Data block ->
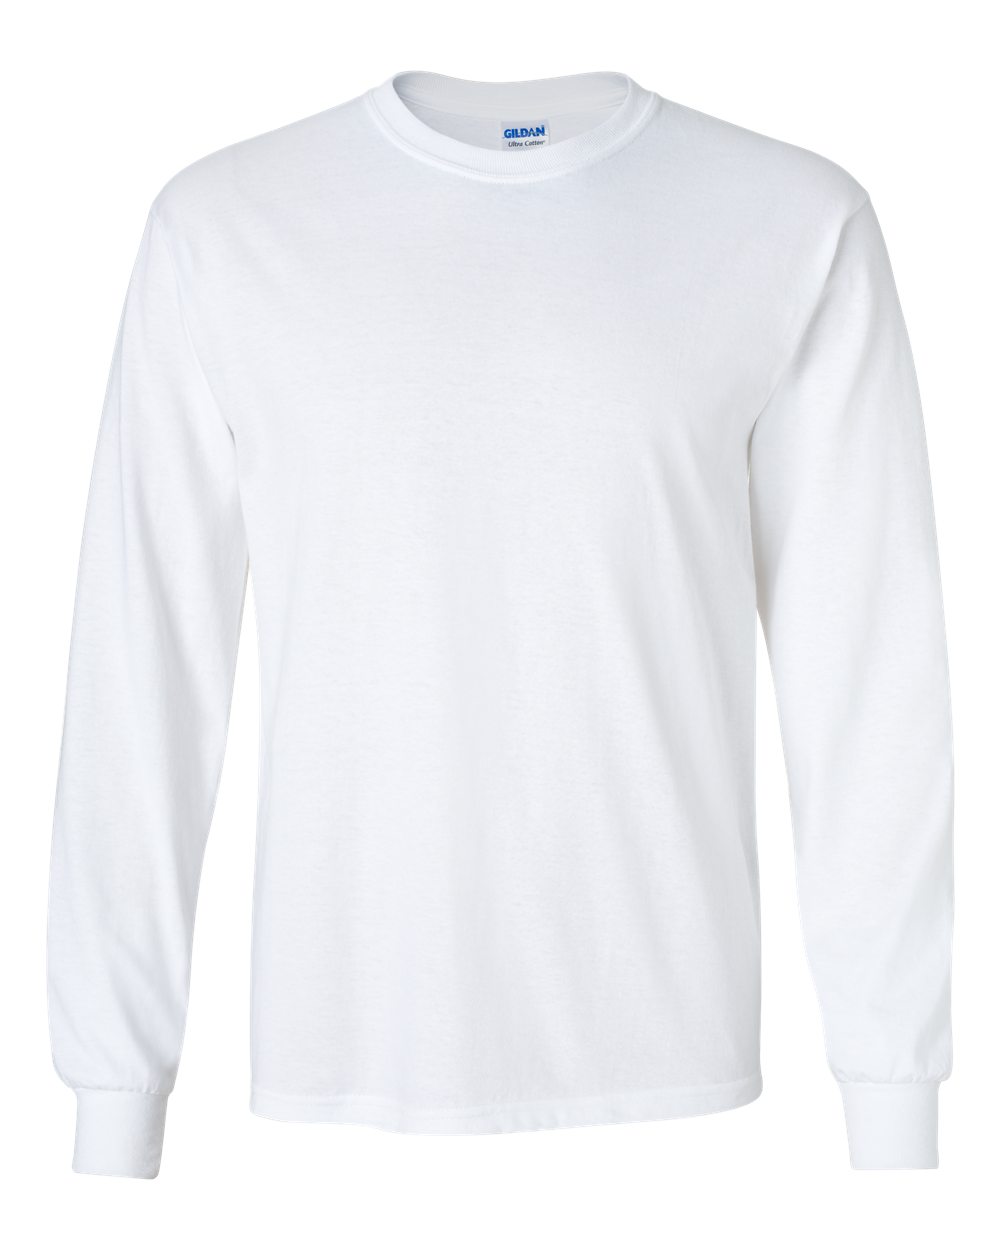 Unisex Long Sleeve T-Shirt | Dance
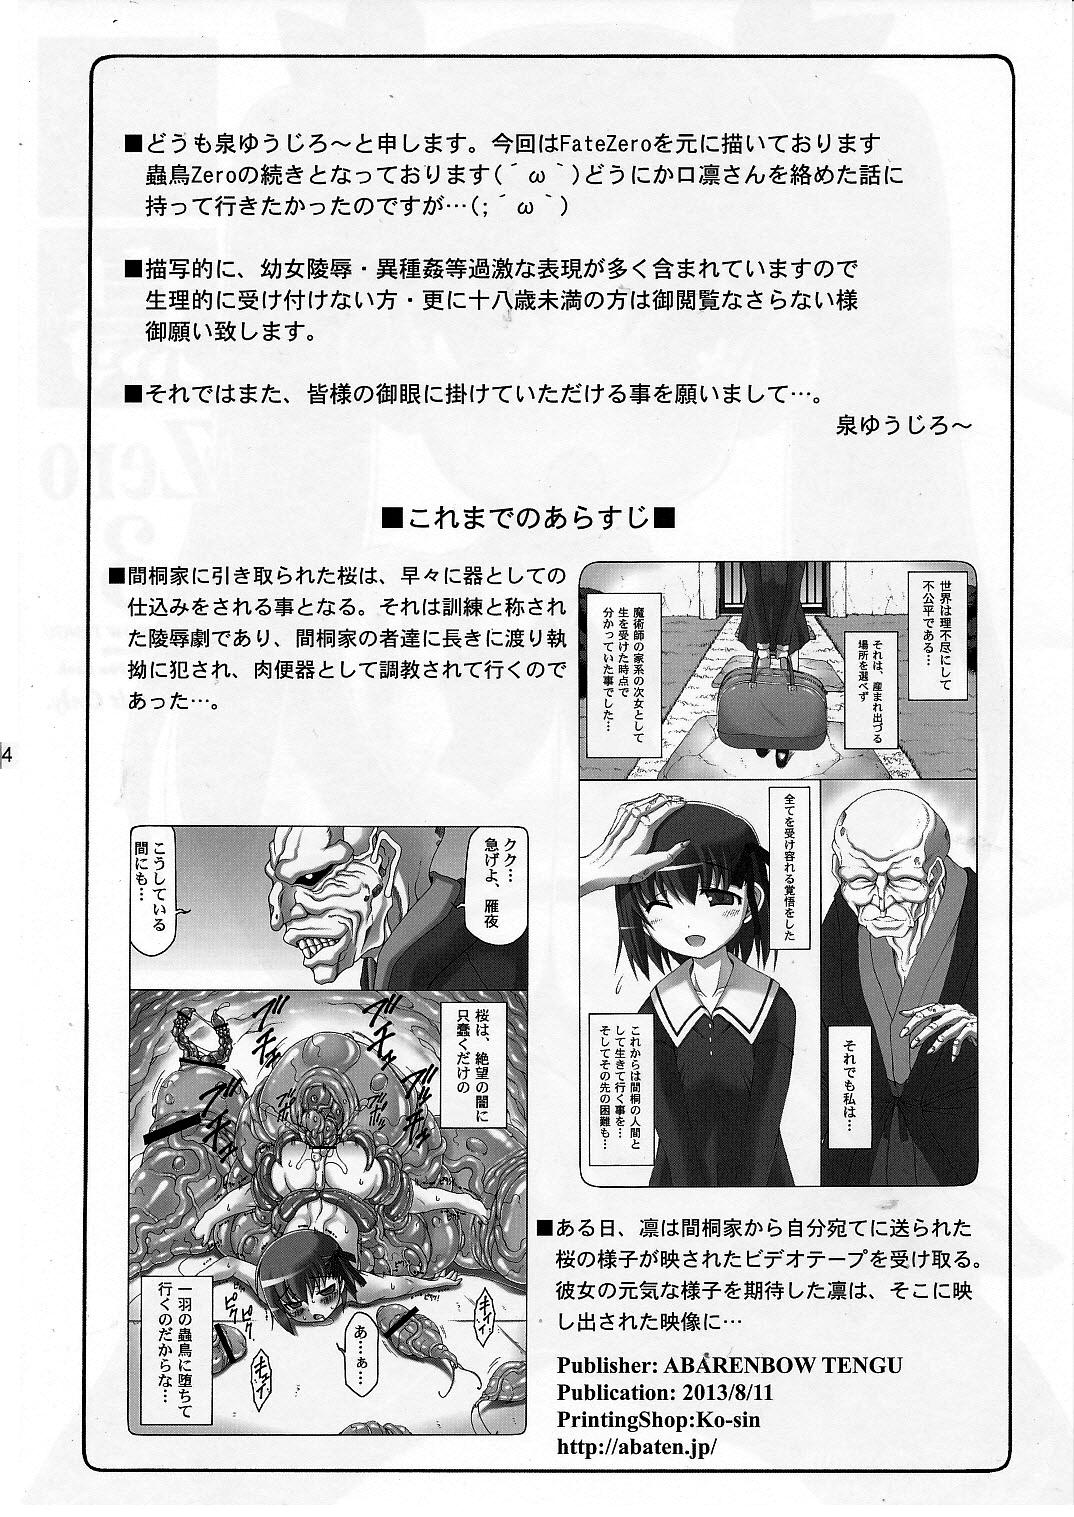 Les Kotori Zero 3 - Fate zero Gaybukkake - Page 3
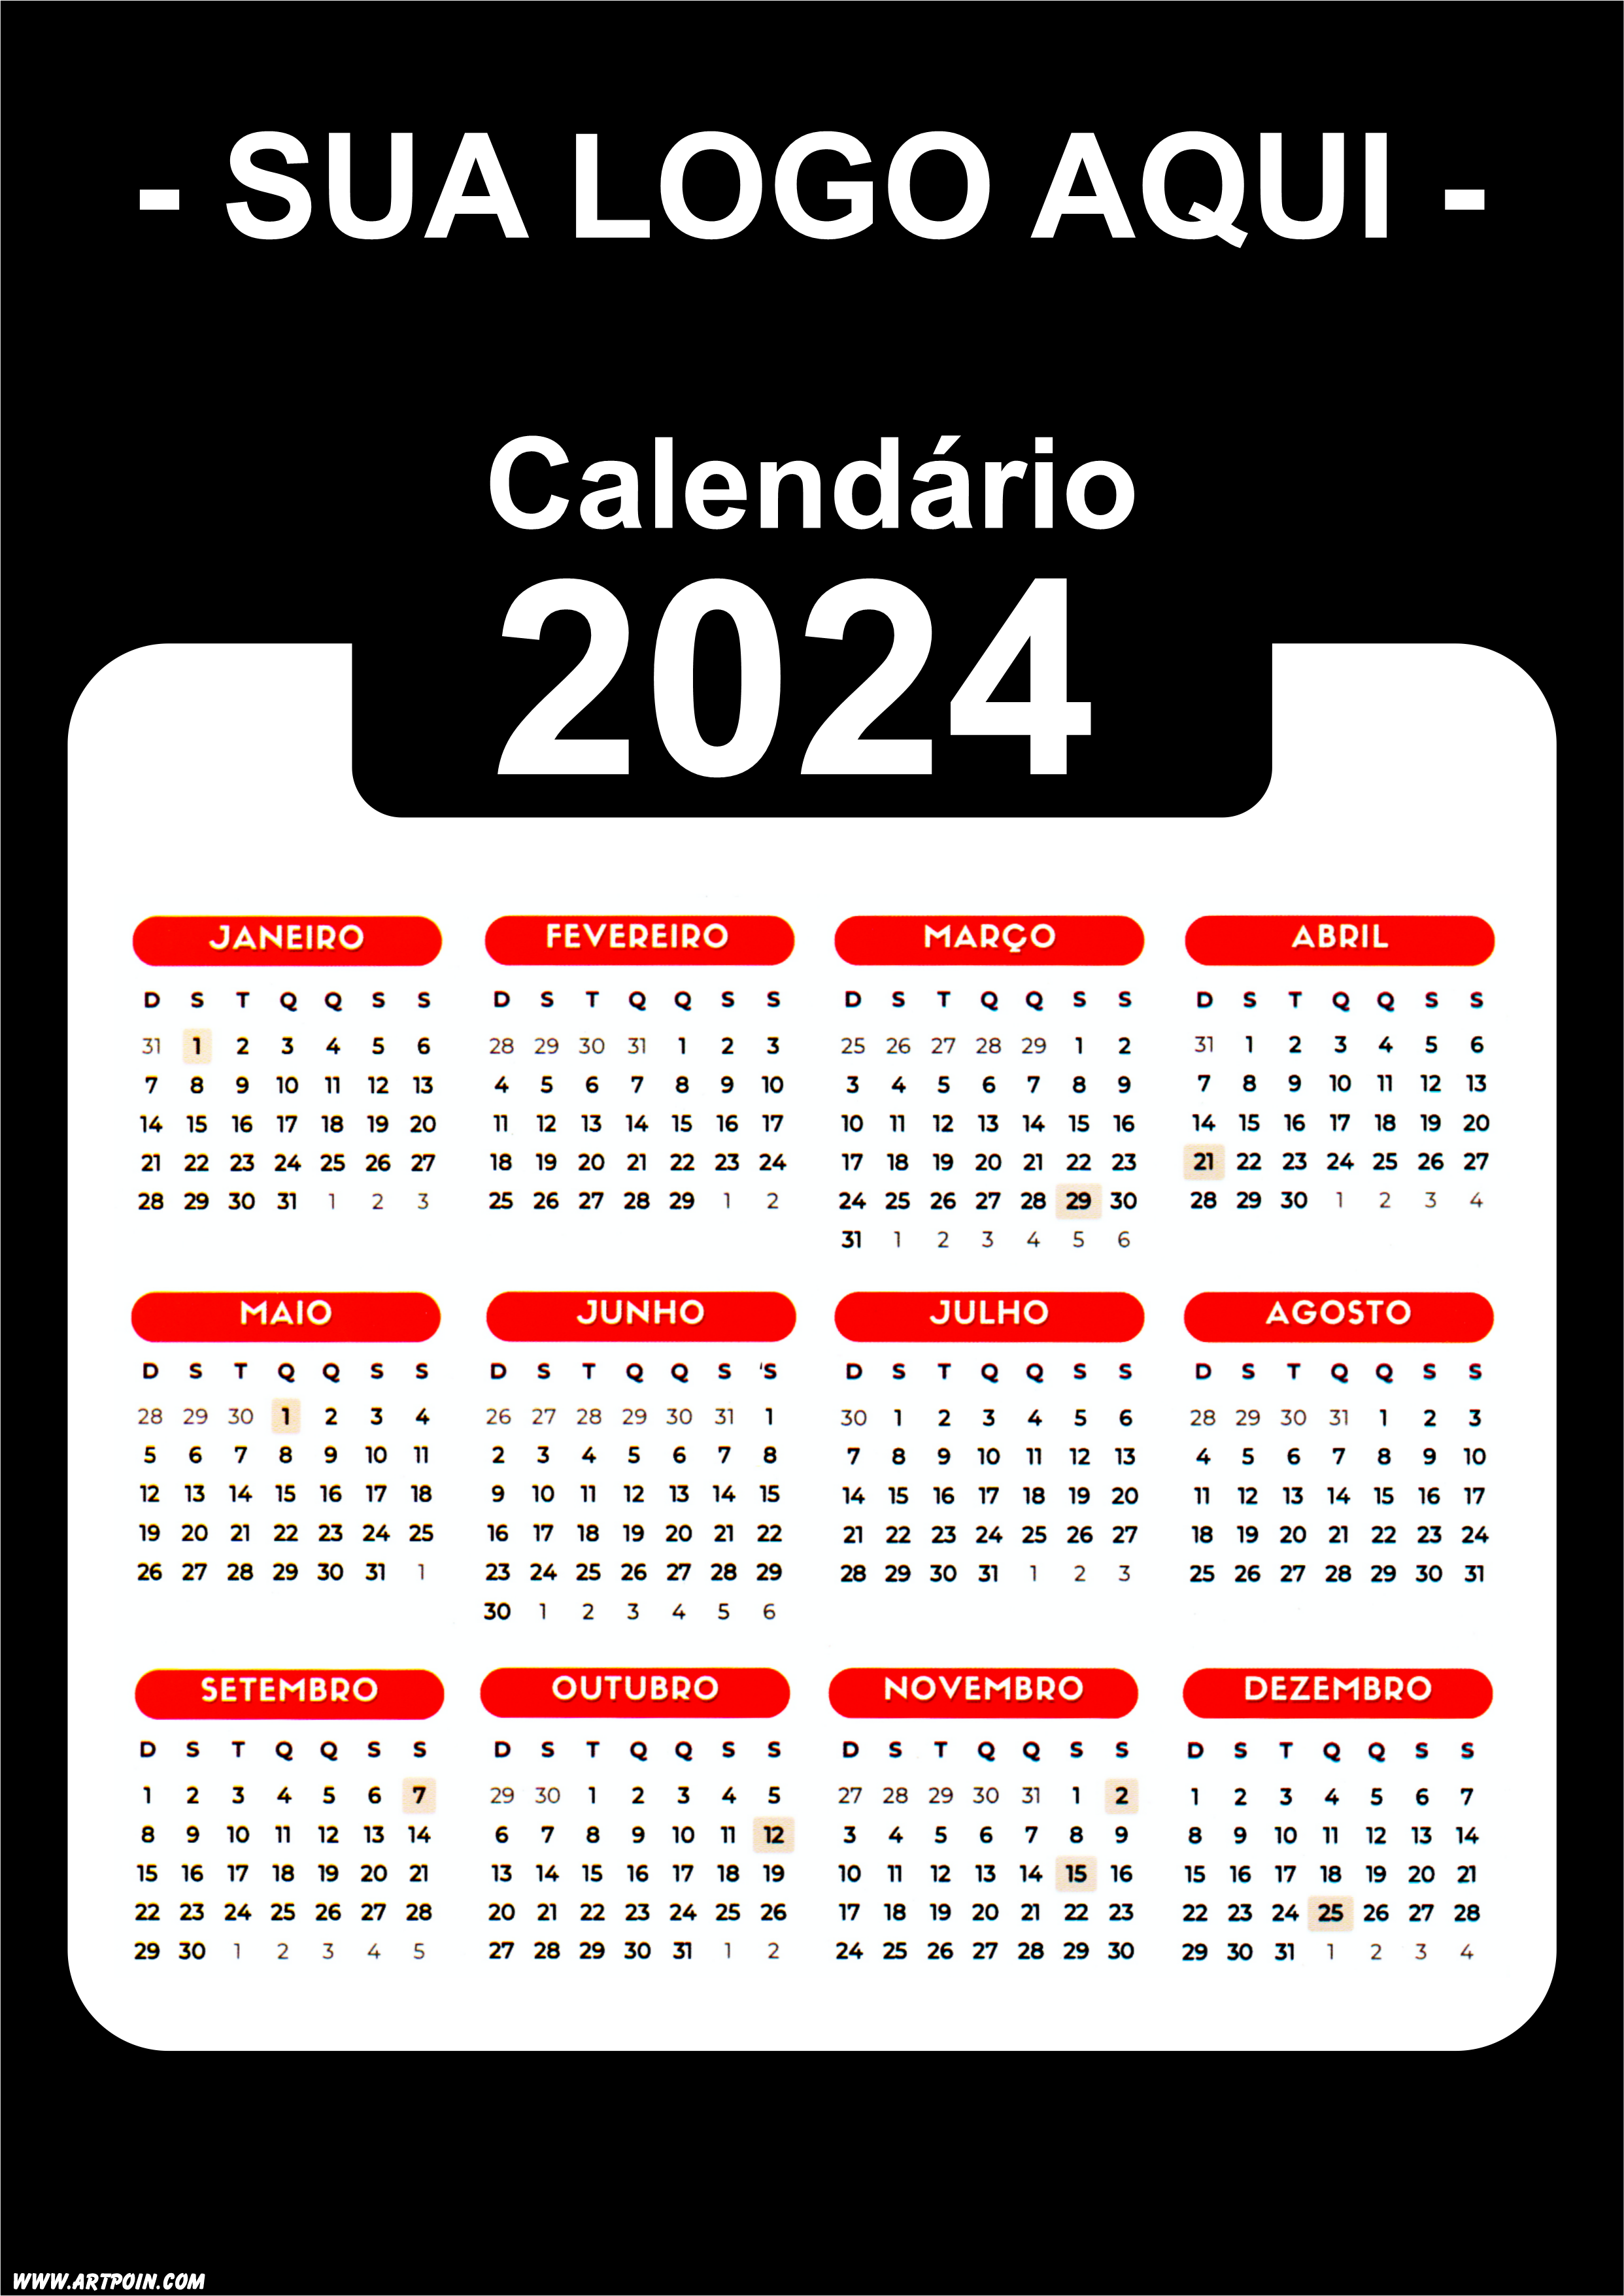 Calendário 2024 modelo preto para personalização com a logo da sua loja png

What the task asks ->
Strip out the pictures and quote the remaining data word for word.

Response ->
 Unisex Long Sleeve T-Shirt | Dance
 Les Kotori Zero 3 - Fate zero Gaybukkake - Page 3
 Calendário 2024 modelo preto para personalização com a logo da sua loja png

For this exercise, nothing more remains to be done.